La diocesi di Foligno si prepara all’Assemblea diocesana che quest’anno, con alle porte il Sinodo sui giovani, avrà per tema l’interrogativo “Chiesa, sei giovane? Interrogati, ci interroghiamo”. Tra marzo e giugno, sono circa tremila gli studenti degli istituti superiori della città che sono stati ascoltati e intervistati dalla pastorale giovanile. I risultati, raccolti con la collaborazione dell’ufficio diocesano per l’Educazione, la Scuola e l’Università, il Coordinamento oratori e il Centro diocesano Vocazionale, sono stati poi sintetizzati dalle suore dei monasteri di clausura di Foligno.

In esclusiva per la “Gazzetta di Foligno”, il pedagogista e docente all’Università Cattolica del Sacro Cuore Pierpaolo Triani anticipa alcune riflessioni sull’indagine che approfondirà durante l’Assemblea il prossimo 21 settembre, alle 18, all’Auditorium San Domenico.

Professore, che cosa cercano i nostri giovani?

I ragazzi e gli adolescenti intervistati descrivono un mondo giovanile attraversato da una ricerca della felicità. In linea con gli approfondimenti condotti in questi anni, però, la domanda di una pace personale è segnata da una fatica all’apertura sociale.

Come si delinea il rapporto con la fede?

Nei giovani pulsa la vita e pulsano la domanda di senso e la ricerca. C’è in loro, quindi, una presenza e una tensione alla domanda religiosa, nonostante una percentuale dei ragazzi, circa il 20%, si dichiari non credente o non interessato alla tematica.

La Chiesa, secondo lei, è in grado di rispondere a questa ricerca?

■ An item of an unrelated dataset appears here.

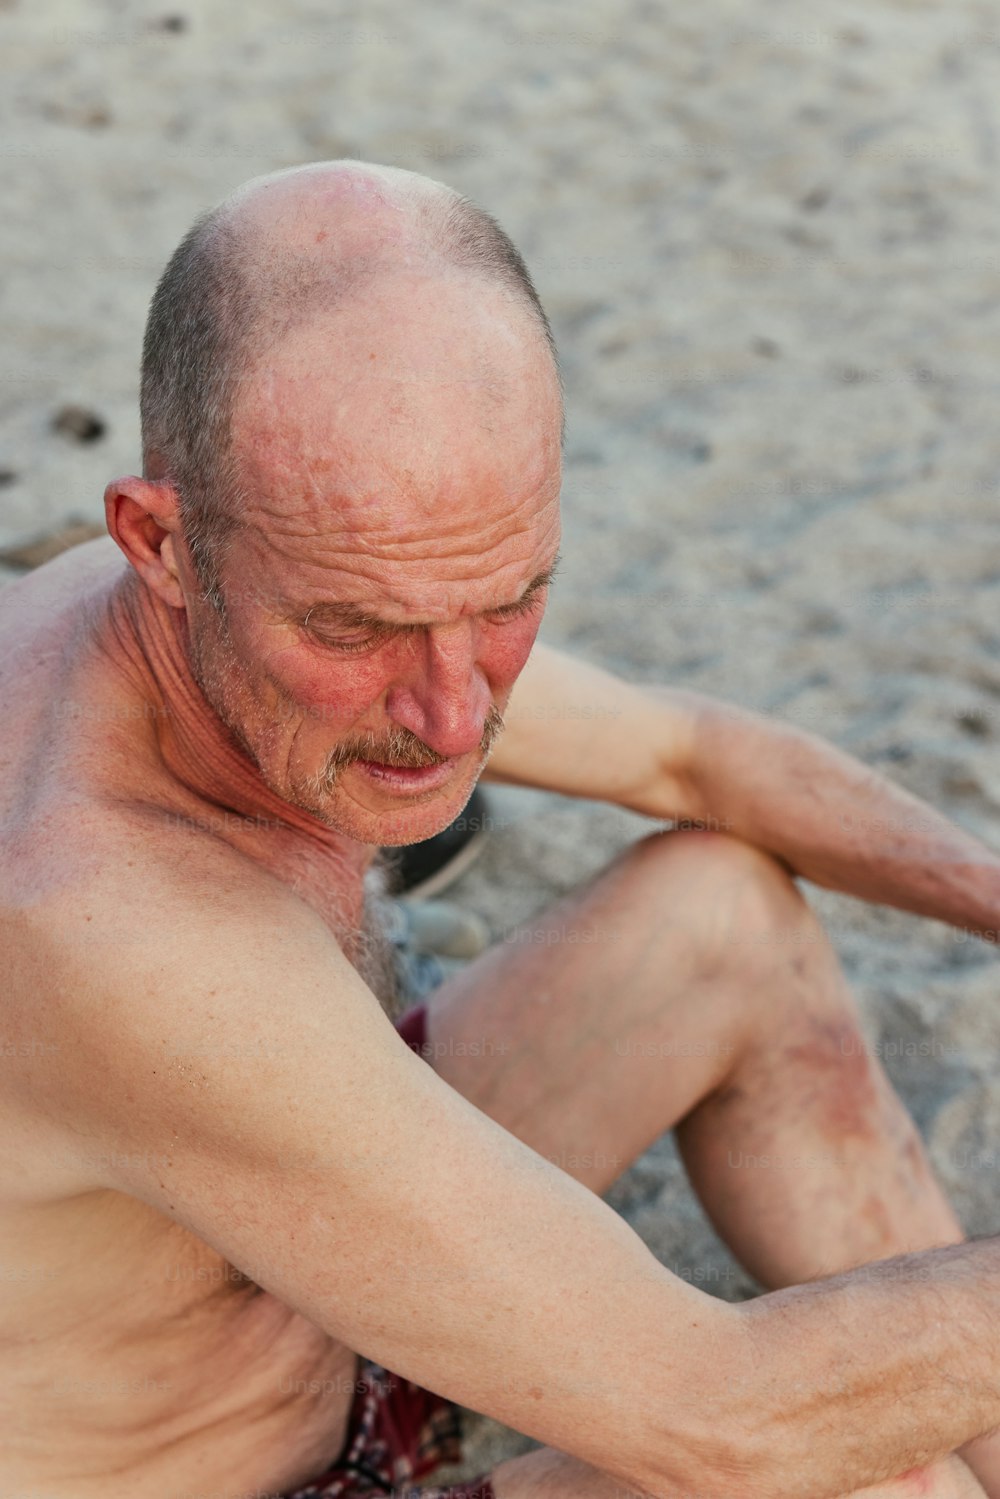 Un uomo seduto sulla spiaggia con un frisbee in mano
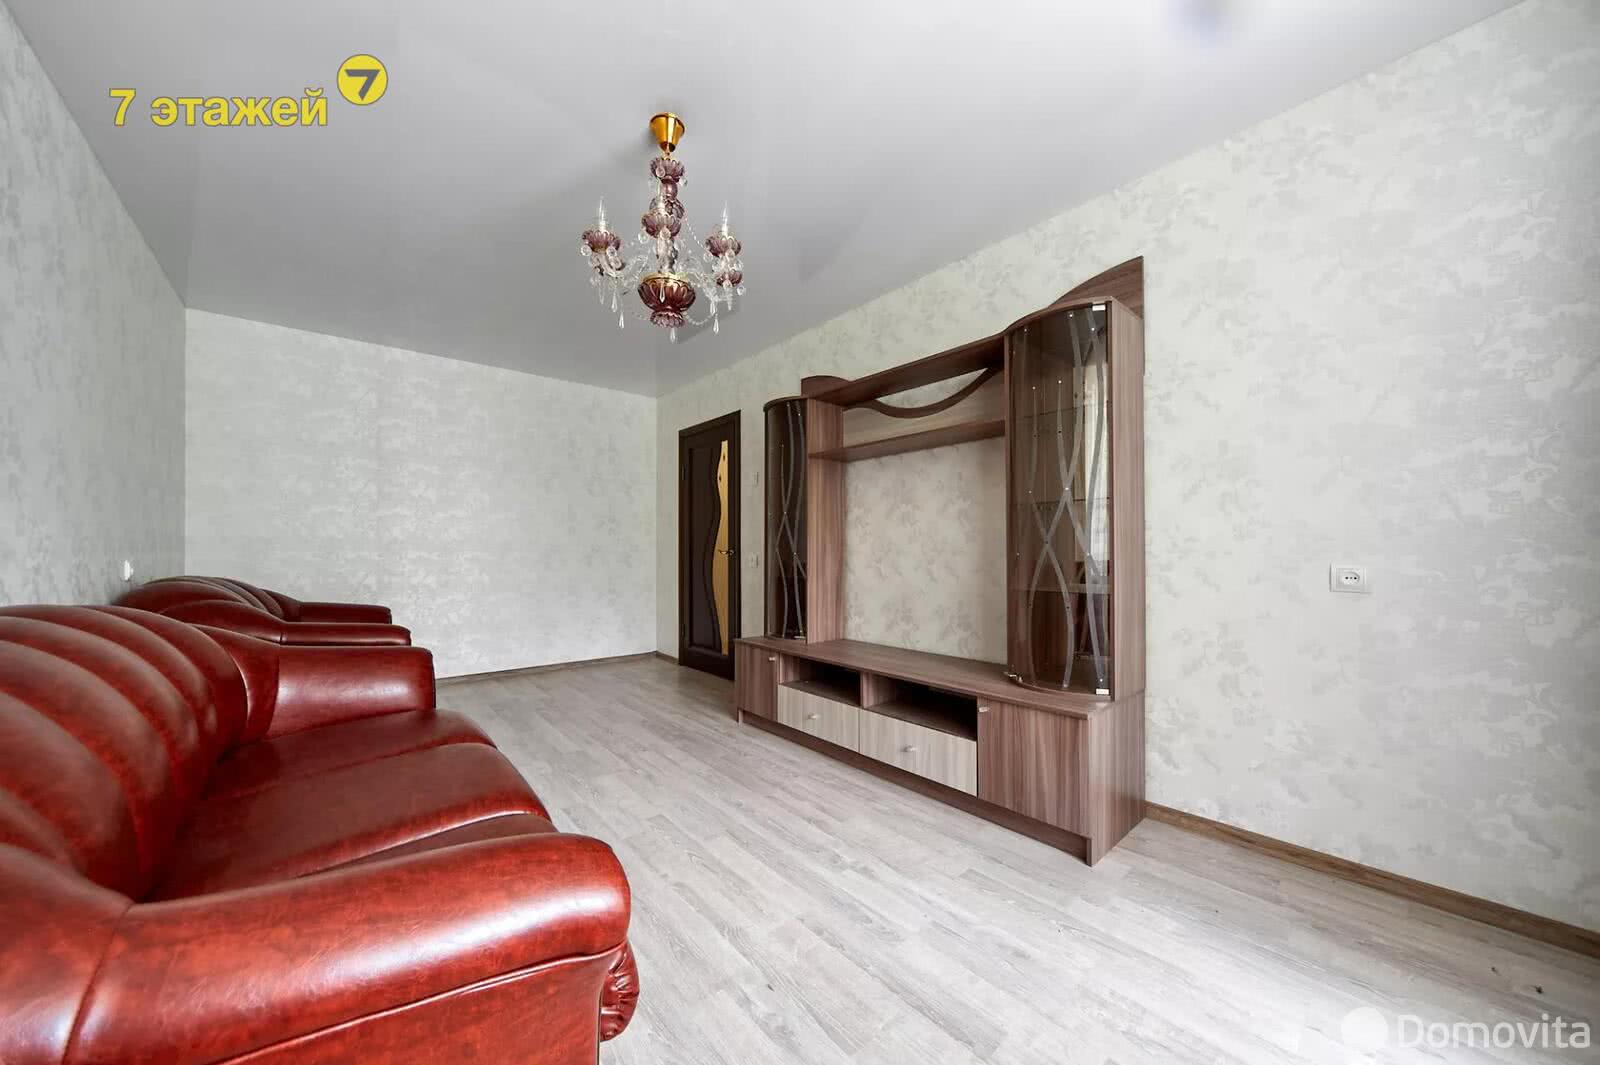 квартира, Лесной, ул. Александрова, д. 17, стоимость продажи 187 891 р.

In realtà, la domanda religiosa dei ragazzi fa fatica a riconoscere una forma di risposta precisa nella proposta cristiana e nella Chiesa. Certo, questa ricerca trova nella fede cristiana un punto di riferimento importante, ma è vissuta in termini individuali più che di mediazione con la Chiesa.

Come mai? Quali sono gli errori da rimproverare alla Chiesa nei confronti dei giovani?

I ragazzi chiedono alla Chiesa una testimonianza e una coerenza nei valori che professa. Ci sono giovani che hanno domande sulla vita, altri che cercano la felicità. Altri ancora hanno una tensione religiosa: tutti, però, chiedono alla Chiesa e agli adulti credibilità.

Che cosa vuol dire essere un “adulto credibile”?

Non significa essere perfetti. I giovani chiedono adulti innamorati dei valori che hanno scelto per il bene. Per la nostra comunità cristiana, vuol dire essere adulti innamorati del Vangelo. I giovani, infatti, ci rimproverano l’incoerenza valoriale. È importante, certo, che come comunità ecclesiale ci interroghiamo e rinnoviamo sempre un impegno alla coerenza delle scelte di valore che abbiamo fatto. Dobbiamo, però, essere anche capaci di testimoniare loro che è possibile stare dentro i propri limiti, che si può stare nella fatica del vivere. E questo implica la possibilità di sbagliare.

Come si impara ad ascoltare i bisogni più profondi dei giovani?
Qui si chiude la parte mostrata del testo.